From Kaggle, this data set about “which movie I should see?” has three files tied by the movie id. I originally tried to upload all three files into MySQL database but was unable to do so. In the end only one table was successfully uploaded and pulled from MySQL the other two tables were uploaded onto Github and pulled with the raw address.

There were not too many cleaning I had to do with this data set. Mostly converting the values to the right data type and separate the columns that had multiple values in one cell.
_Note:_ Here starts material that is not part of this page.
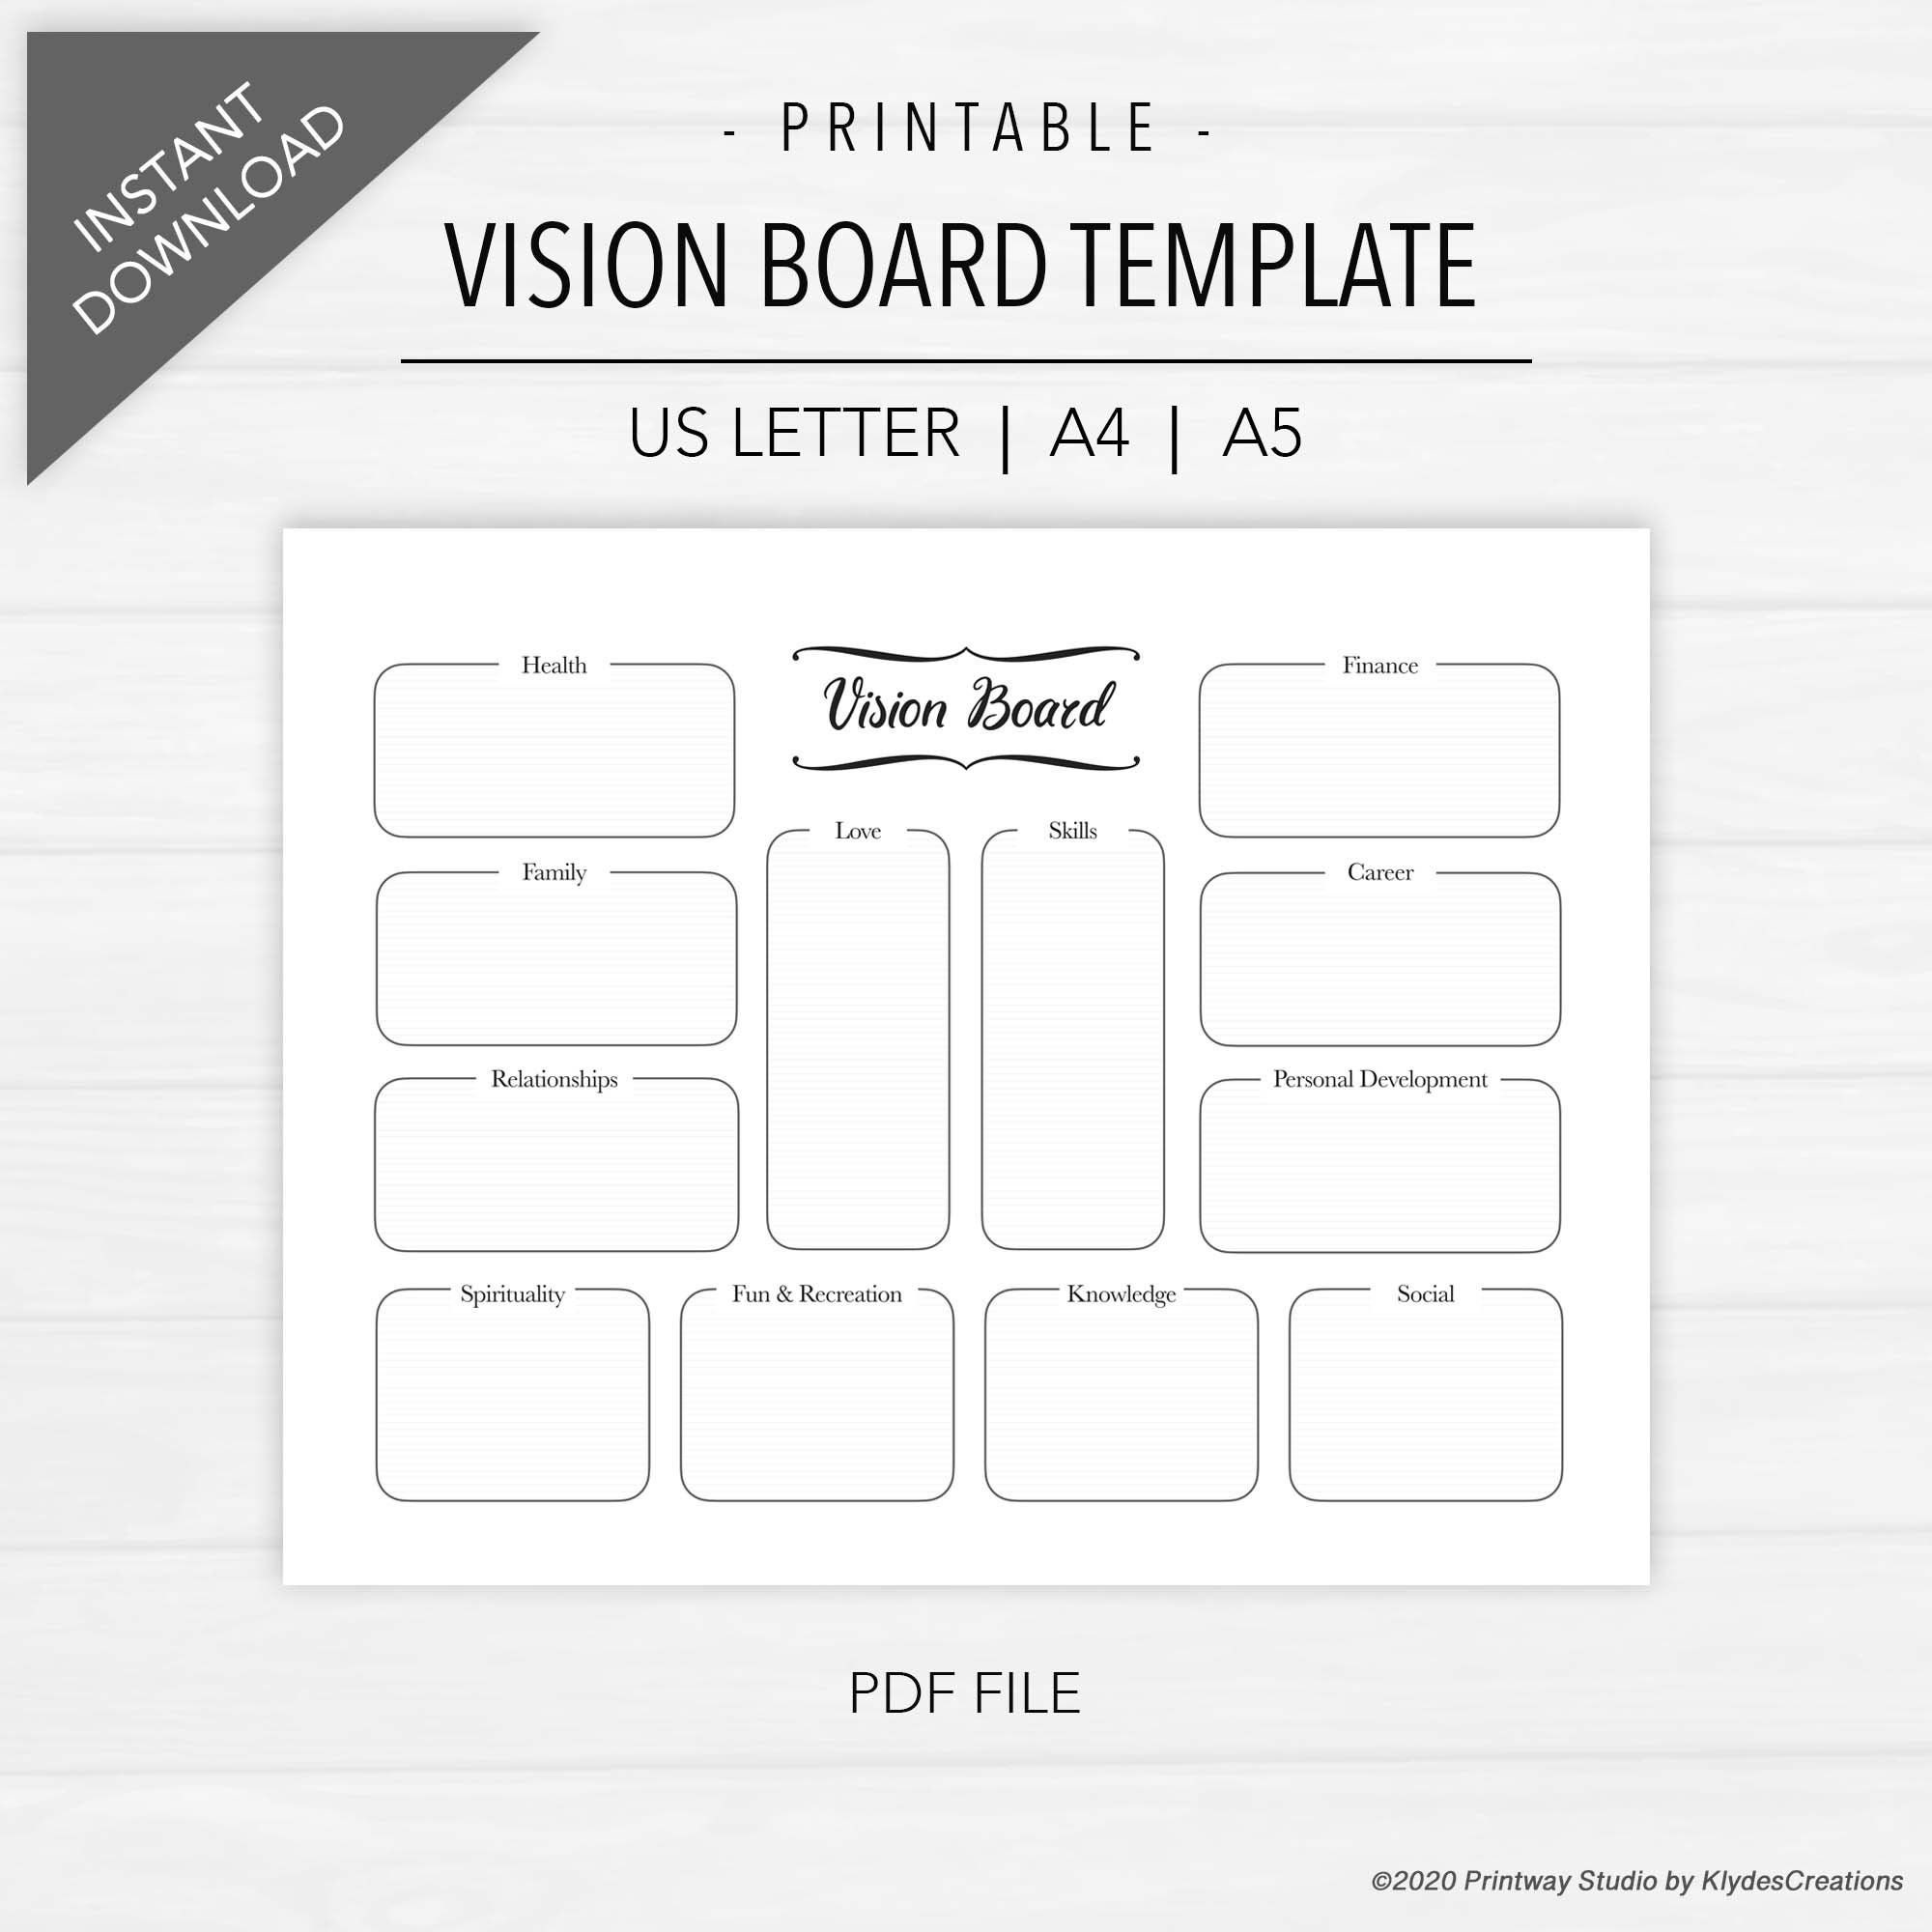 Create Your Own Vision Board Book and Sell it on  Templates

When data is in the right data type like dates, then it will become easier to do analysis that shows trend over time. I tried a couple different ways to analyze the data using the clean data from previous step, I created a movie_details data frame for analysis.

First I found the genre popularity ranking based on user_score. Surprisingly the War genres comes in first even though it doesn’t have as many as categories like comedy or drama but the overall quality of movies in that genre generally scored higher than other categories. Then I tried to find the trend for genre over time and it seems that other than the Animation category that is gaining better ratings over the years, comedy, crime, horror, mystery, and thriller has a noticeable declining rating over the years. Lastly, I looked for the best rated movie titles in each category and noticed that some movies appeared in two different genres. This is due to when the genre is split the user_score stayed the same for each observation of the same movie but for different genre. Maybe if each movie is given a rating score evaluated for that category then we would get a more accurate list of best movies in each genre.